“You are about to witness the top of pyramids” the taxi driver told me, smiling nonchalantly. “It’s ok to laugh, or cry, or scream if you feel like it. I’ve had tourists do it all.” I looked, and surely a few seconds later the small triangles were there in the horizon. Only the top at first, and then slowly the rest of the Giza pyramids unfolded: sandy colored, uncaring, a pile of stones neatly stacked, bound with untranslated magic and mysteries. I looked at it all, and felt nothing. Some things are so great, their encounter shocking enough to empty one’s mind and heart from thoughts and emotions. 

In Giza, it’s hard to have a “bad” view…

A guide shared with me the area’s facts and history, a traveler shared some of the popular conspiracy theories, my local host shared the beliefs of his people.

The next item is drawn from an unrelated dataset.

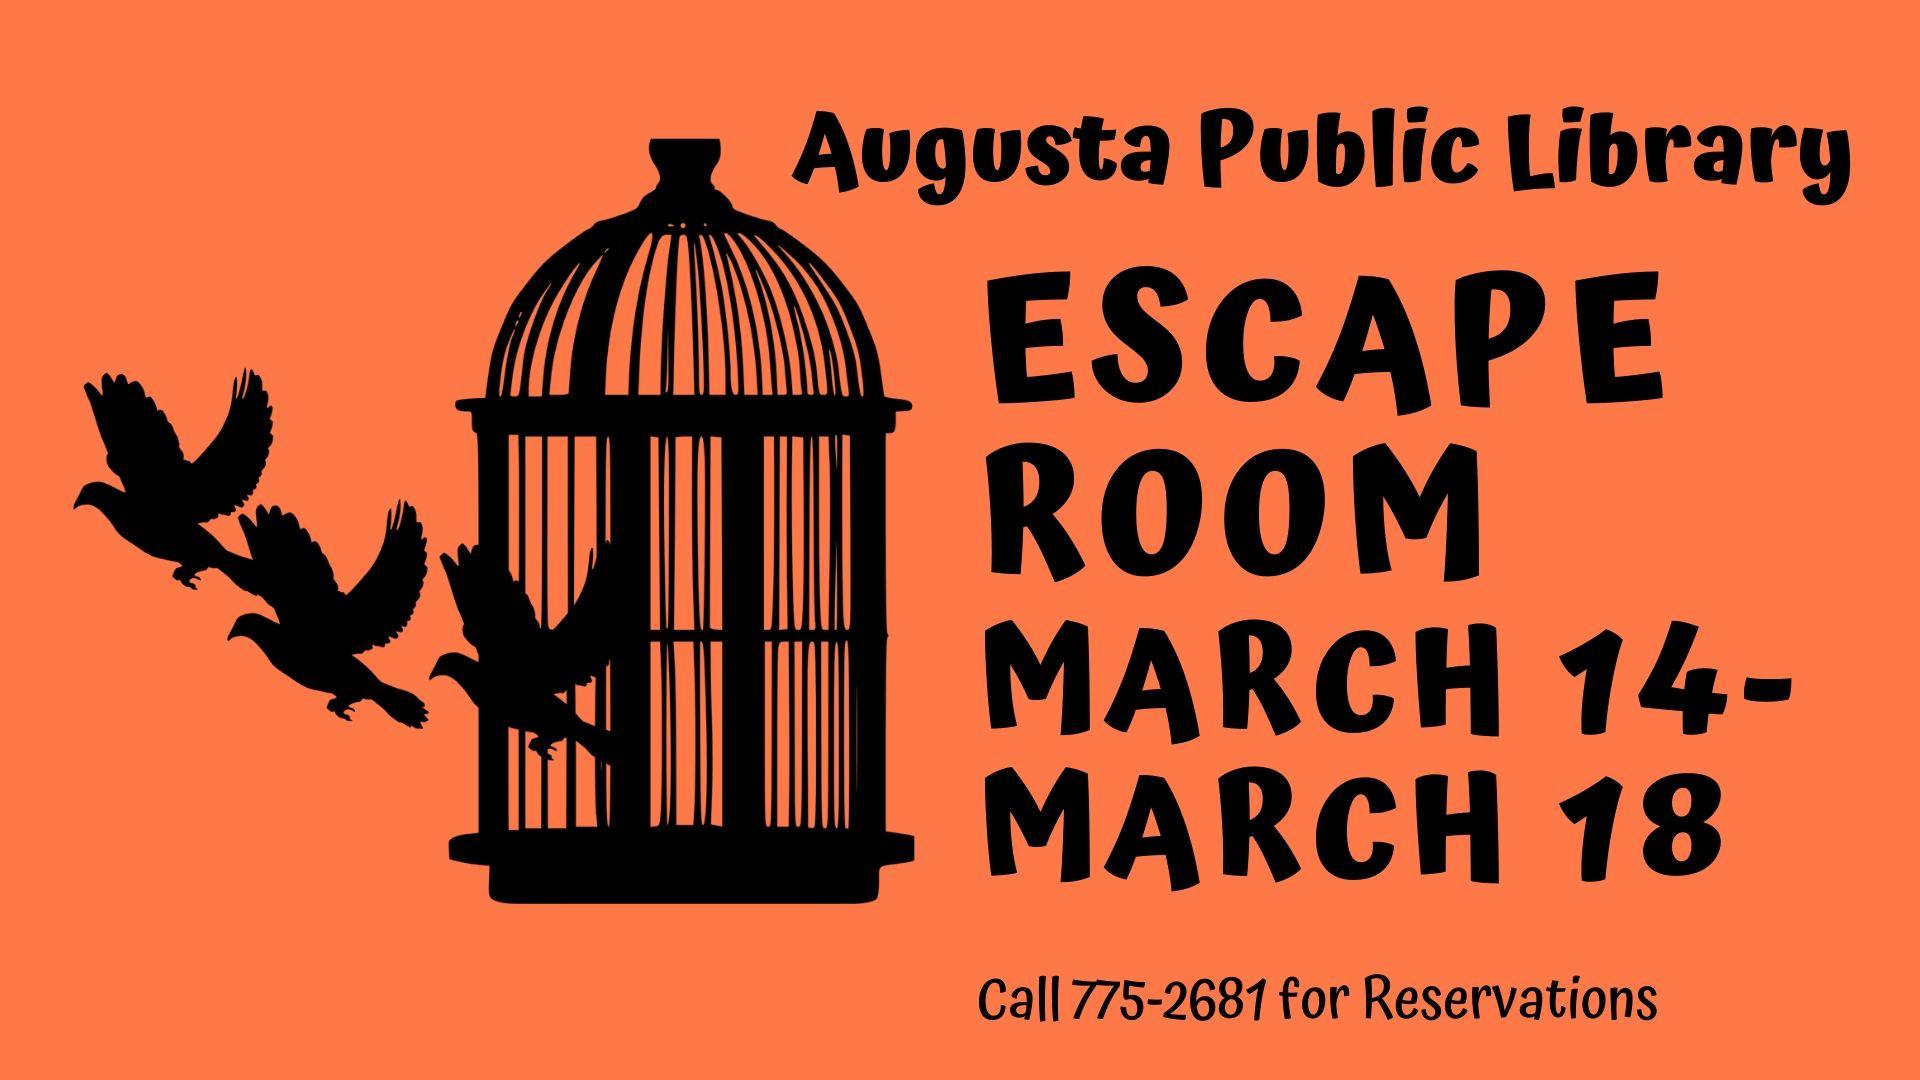 Escape Room - Augusta Public Library

None of these made me weep with joy and wonder, not like a camel did.

Light weaving in Egypt’s ancient ruins.

“Is it worth paying 10 dollars to go walk in the scorching heat just to see some old stones stalked on top of each other?” I raised a finger, licked it and let the light drift decide. “Yes, it is”, I decided.

I walked around the 12 pyramids – 3 bigger ones for the pharaohs, 9 smaller ones for their queens – structures defiant of their age and weather and people stumbling around with their sneakers and camels and plastic waste. A quiet, respectful yet questioning murmur rose around me; humans touching the stones, stepping on them, taking pictures that will last a fraction of the pyramid’s lifespan. Seeing them for one’s own self offered no clarity in the universe’s real nature. “We are.” the pyramids’ presence echoed.

The quietest moments in Cairo did not happen while I was laying jetlagged and wide awake in my bed at 2am, nor when the minarets stopped echoing the imam’s prayers. The quietest I’ve ever felt was while walking on the hot asphalt, with a sandy colored camel walking slowly next to me chewing some barely seen straw, its lips and teeth and mouth moving in exaggeration. Its huge and flat hooves caressing the road softly, quiet as a light breeze on the sun-scorched ground. As the beast passed me by, its beauty and indifference shocked me deeply. “I am”, its rhythmical movements declared unapologetically. The whole world’s mysteries exhaled a hot breath, connecting all the wisdom I’ve been absorbing during my days in Cairo, making all the magic tangible, reminding me that I, too, am. I started weeping. The camel and the man on its back kept moving along the hot road, and I had no option but to follow their shadow, tears drying quickly on my cheeks. 

“Welcome to Alaska!” A man on a carriage snapped me out of it, and I laughed, more tears rolling down my cheeks. This world is full of mysteries that I might never understand, but falling in love with the world, and with it, myself, has never been easier than right at that moment. 

Worth every drop of sweat sacrificed to the dessert.